Ohh right yeah, that's the add for the other file, sorry.

{'path': 'p=1/1-4f0e9148-4290-4cb9-9555-cfa6691eee5e-0.parquet',
 'size': 589.0,
 'modificationTime': 1717520084596.0,
 'dataChange': False,
 'stats': '{"numRecords": 1, "minValues": {"a": "2023-03-30T00:00:00.000902+00:00"}, "maxValues": {"a": "2023-03-30T00:00:00.000902+00:00"}, "nullCount": {"a": 0}}',
 'partitionValues': [('p', '1')],
 'tags': [],
 'deletionVector': None,
 'stats_parsed': {'numRecords': 1.0,
  'minValues': {'a': datetime.datetime(2023, 3, 30, 0, 0, tzinfo=<UTC>)},
  'maxValues': {'a': datetime.datetime(2023, 3, 30, 0, 0, tzinfo=<UTC>)},
  'nullCount': {'a': 0.0}},
 'partitionValues_parsed': {'p': 1.0}}

The add for the other one sees the same problem, where the parsing seems to lose precision.

roeap commented 3 weeks ago

@echai58 @ion-elgreco - this is literally a footnote, but timestamps are truncated to miliseconds when computing stats. Could this be what we are seeing here?

echai58 commented 3 weeks ago

@echai58 @ion-elgreco - this is literally a footnote, but timestamps are truncated to miliseconds when computing stats. Could this be what we are seeing here?

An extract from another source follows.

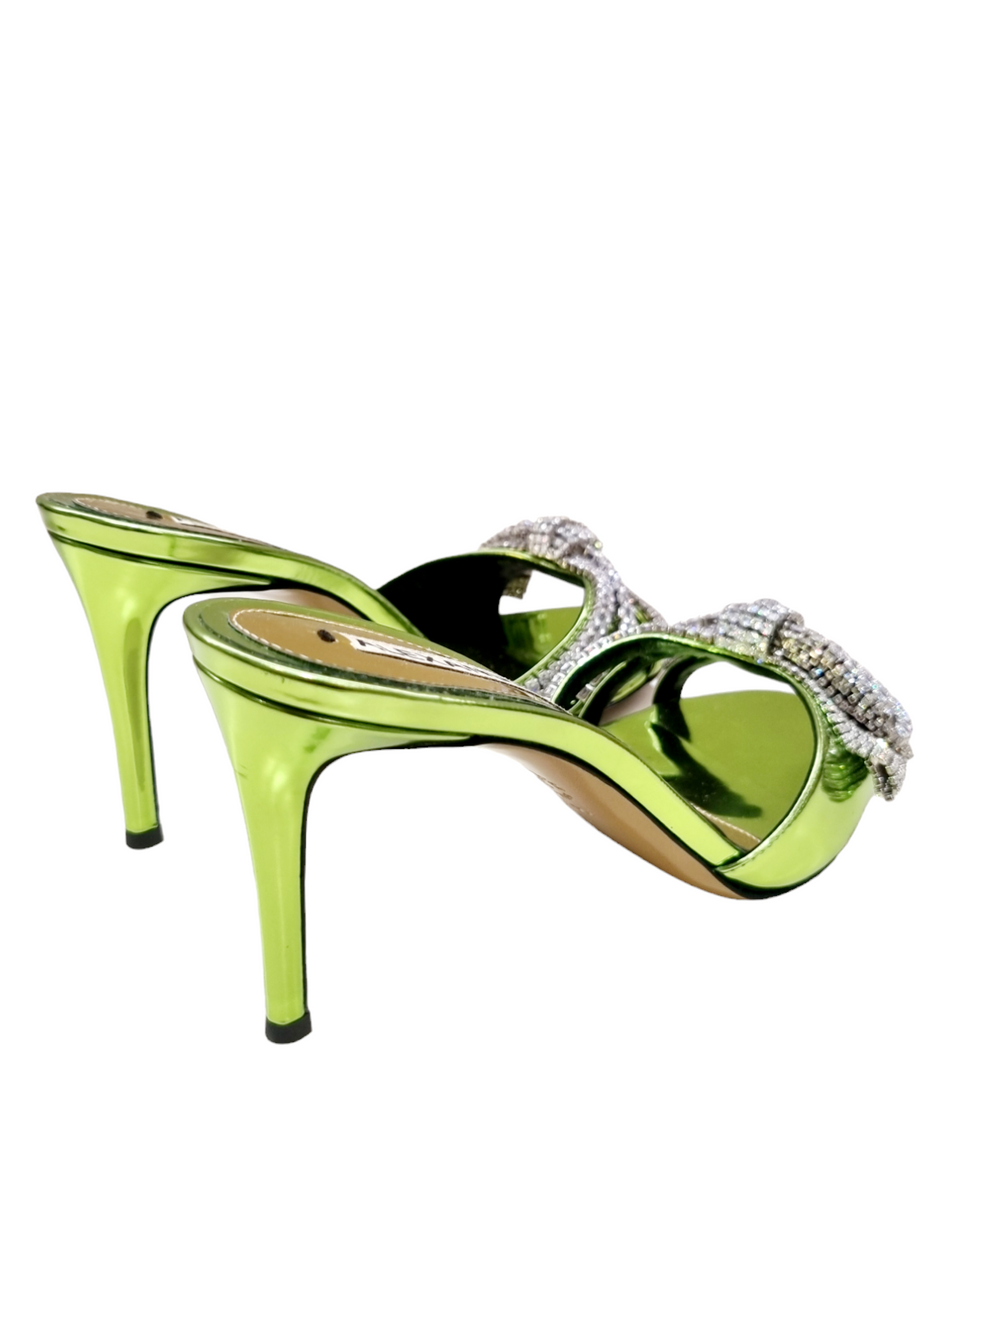 Mandy Lime Crystal Detail Mules - Alexandre Vauthier - Liberty Shoes Australia
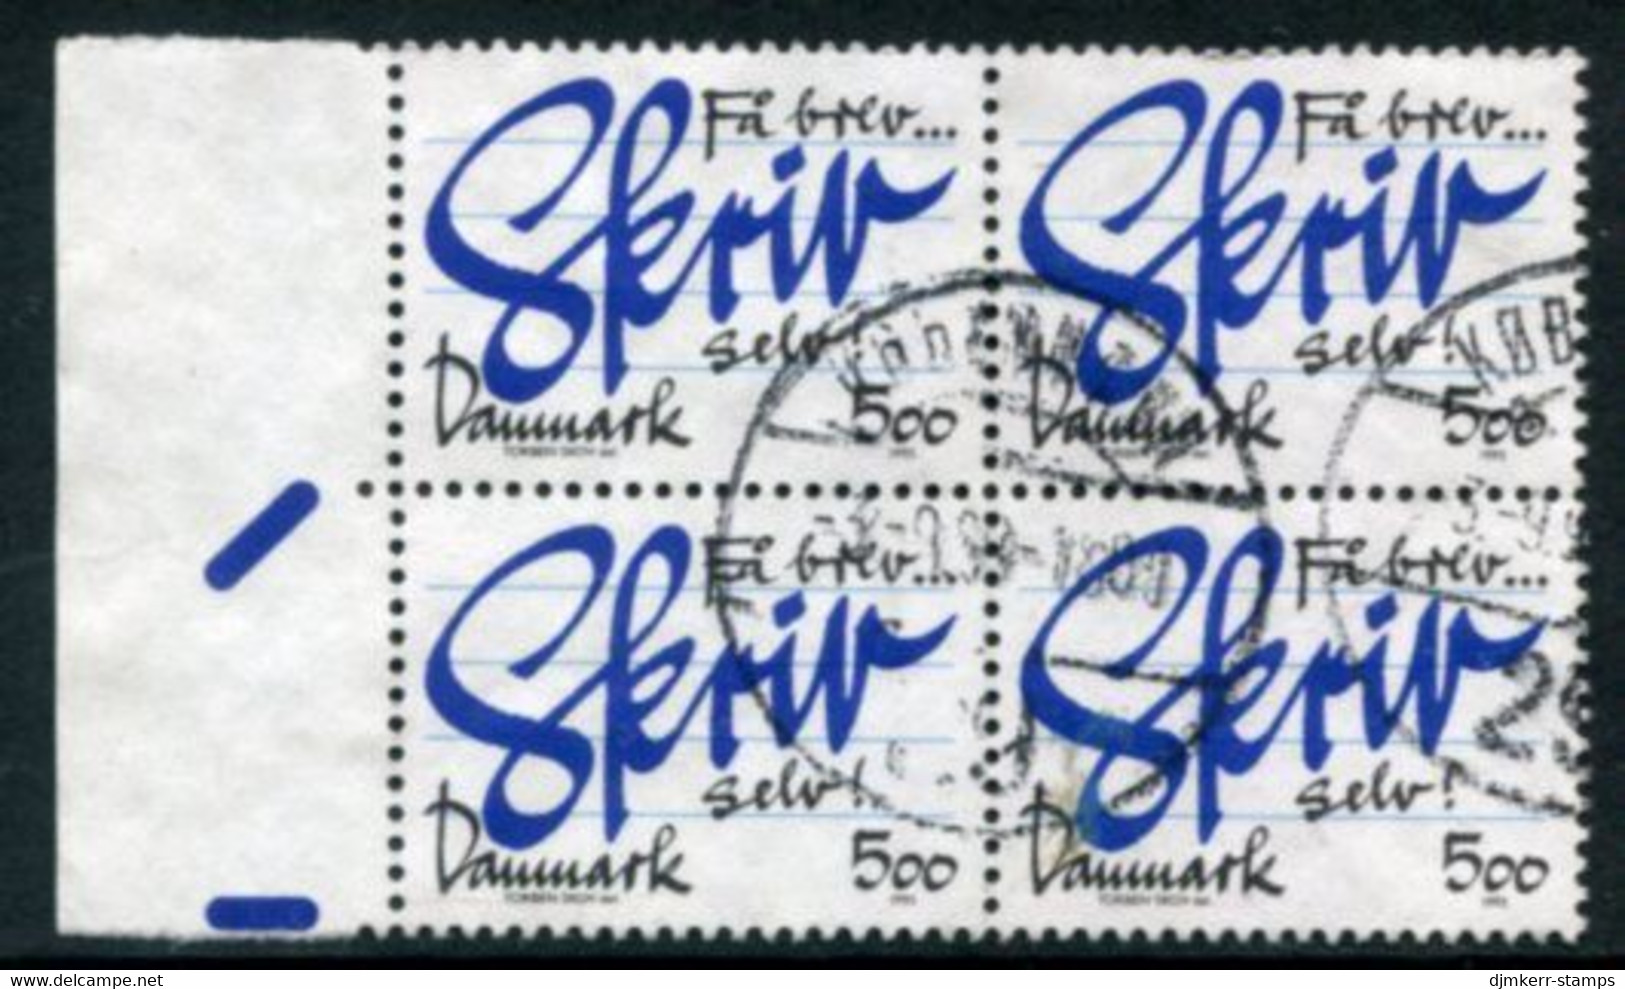 DENMARK 1993 Letter-writing Campaign Block Of 4 Used. Michel 1062 - Gebruikt

Ah, yeah that would explain it.

ion-elgreco commented 3 weeks ago

@echai58 @ion-elgreco - this is literally a footnote, but timestamps are truncated to miliseconds when computing stats. Could this be what we are seeing here?

Uhm so the protocol states it should be milliseconds :s. That's quite wrong because we are then passing rounded stats to the pyarrow.dataset fragments which in turn will return wrong results

echai58 commented 3 weeks ago

Instead of truncating, could we round up to the next millisecond when computing the stats? That would prevent this edge case from returning wrong results

ion-elgreco commented 3 weeks ago

Rounding up or down can result in retrieving less or more records than expected. So both doesn't work

echai58 commented 3 weeks ago

@ion-elgreco isn't rounding up always safe? Because if the predicate is <= the rounded up value, it performs the filtering on the loaded in data?